Data provided:
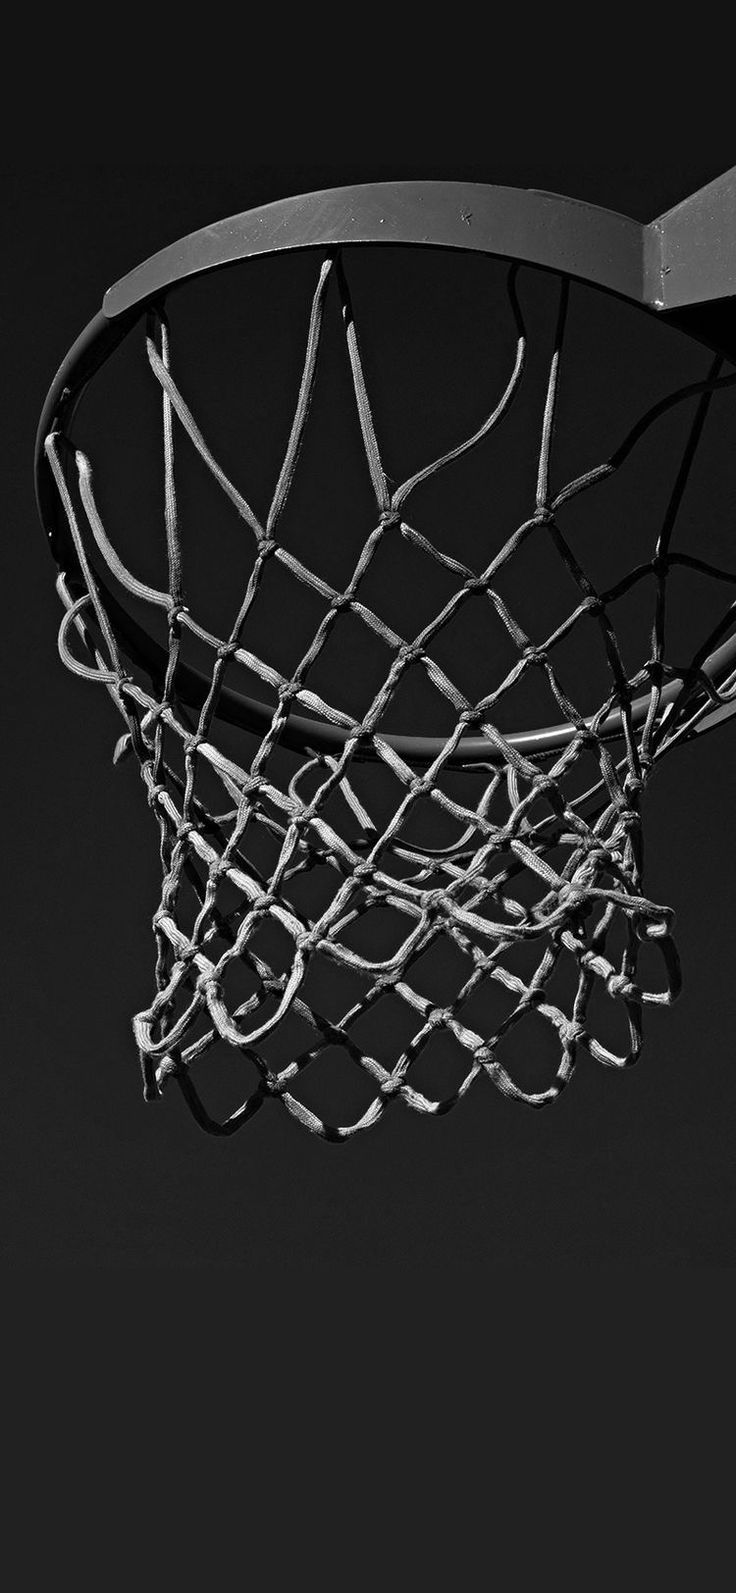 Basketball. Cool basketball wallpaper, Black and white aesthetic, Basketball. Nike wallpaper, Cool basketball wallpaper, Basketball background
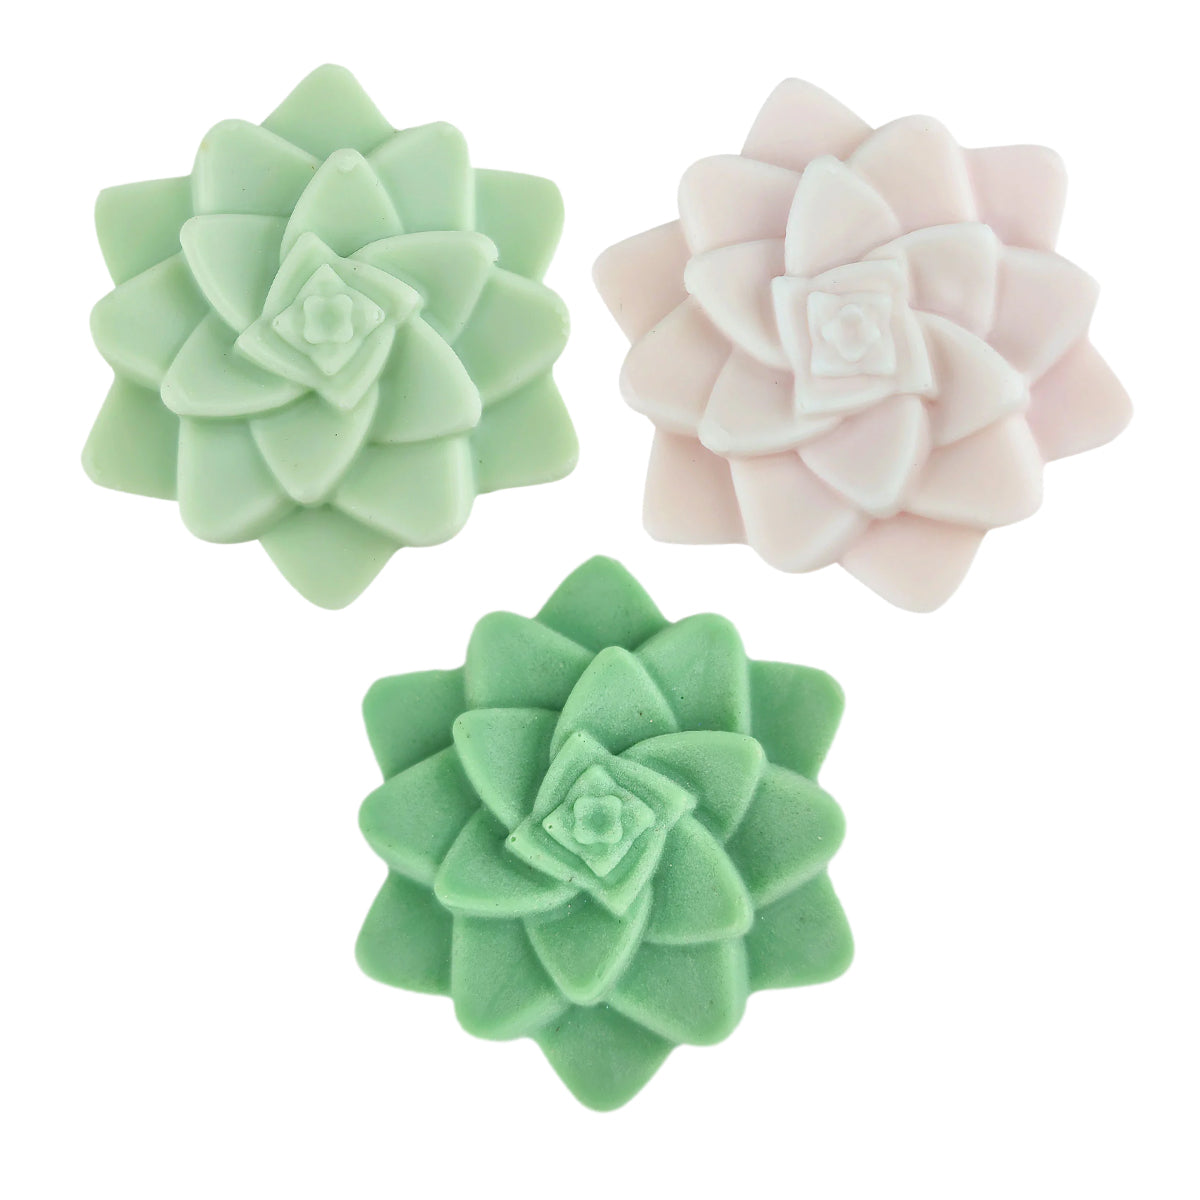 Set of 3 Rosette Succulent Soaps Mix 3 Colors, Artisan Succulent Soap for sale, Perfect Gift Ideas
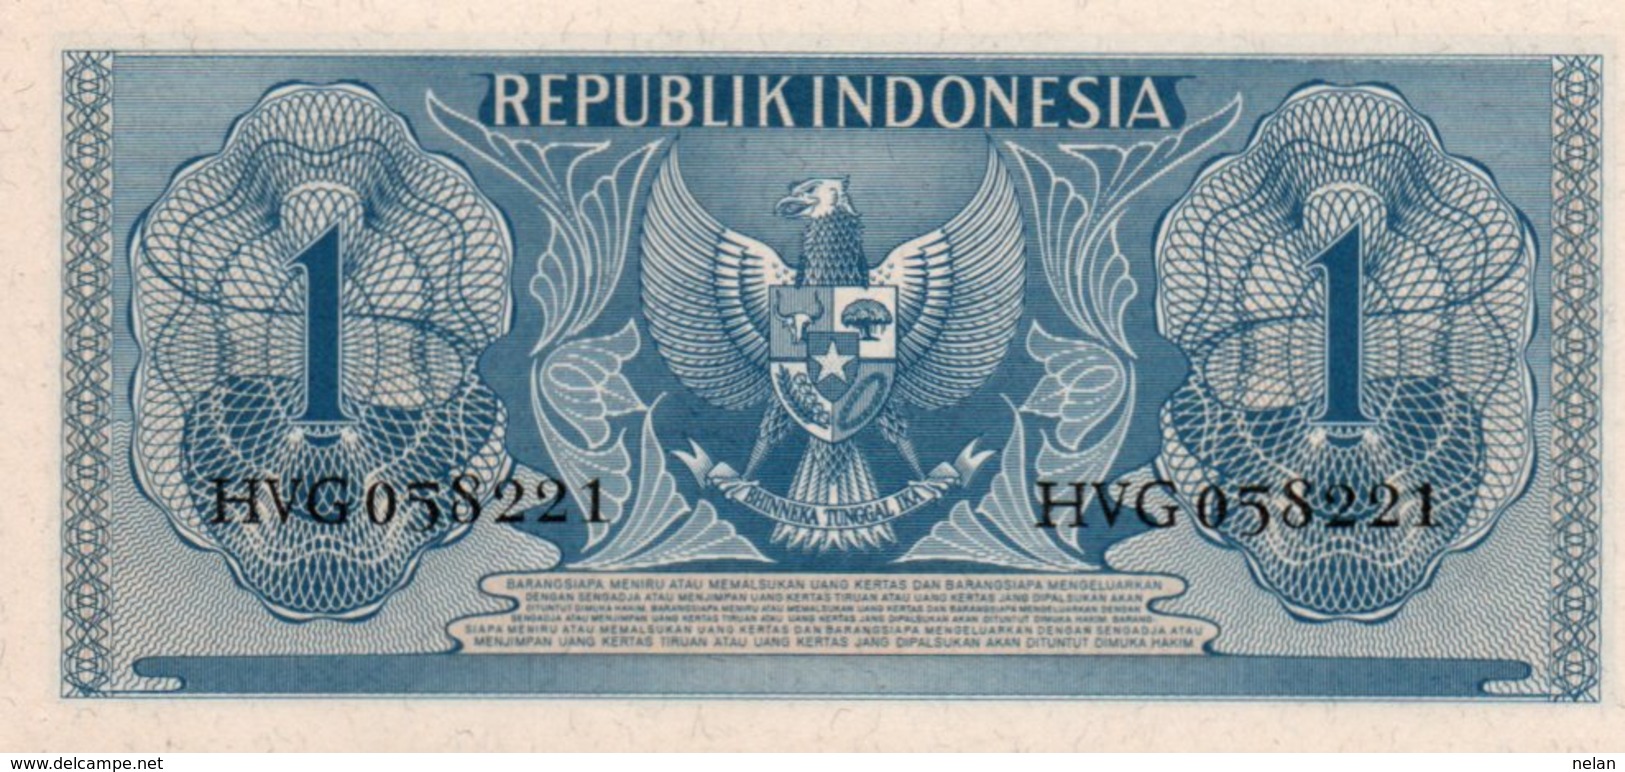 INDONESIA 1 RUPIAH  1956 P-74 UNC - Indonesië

Exercise instructions: Without copying any picture, write out all of the material exactly as it reads.

Exercise result:
 Basketball. Cool basketball wallpaper, Black and white aesthetic, Basketball. Nike wallpaper, Cool basketball wallpaper, Basketball background
 Set of 3 Rosette Succulent Soaps Mix 3 Colors, Artisan Succulent Soap for sale, Perfect Gift Ideas
 INDONESIA 1 RUPIAH  1956 P-74 UNC - Indonesië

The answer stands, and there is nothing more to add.